We Could Have Had Cellphones Four Decades Earlier - calvinbhai
http://reason.com/archives/2017/06/11/we-could-have-had-cellphones-f
======
Overtonwindow
Worth noting we could have also had other technologies such as the answering
machine, and television.[1] Tim Wu wrote an awesome book called "The Master
Switch" about entrenched companies using their power to block emerging
technologies. Radio fought to keep television out of the market, and the
telegraph operators fought tooth and nail to keep the phone from gaining
acceptance.

1\. [http://io9.gizmodo.com/5691604/how-ma-bell-shelved-the-
futur...](http://io9.gizmodo.com/5691604/how-ma-bell-shelved-the-future-
for-60-years)

------
thisrod
The title is a bit misleading. The army and Bell Labs could have built a
cellular phone in the 1940s, but they had no way to keep it connected to the
telephone network as it moved between cells.
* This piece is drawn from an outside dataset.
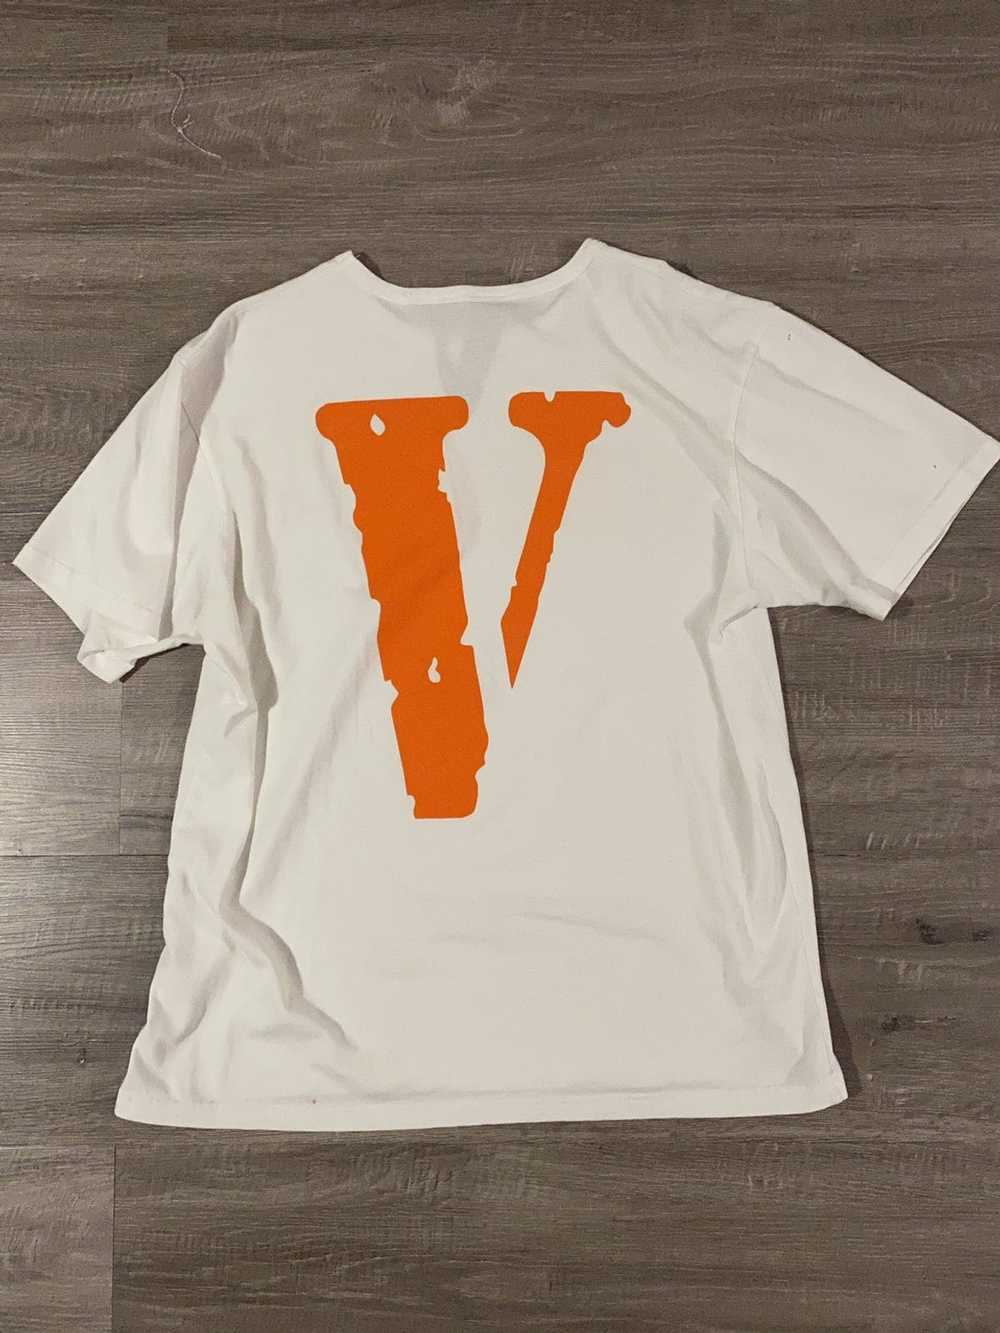 Vlone Vlone Friends White Orange T-Shirt Size XL - image 2

That required computerized
telephone switches, which weren't developed until at least the 1960s; that
triggered another big regulatory mess.

The details are in _The Idea Factory_ , which every scientist and engineer
should read. The main reason that AT&T didn't get the spectrum is that they
didn't really want it: video phones were going to be the future.

------
michaelmrose
So what revolutions if any are we currently holding back?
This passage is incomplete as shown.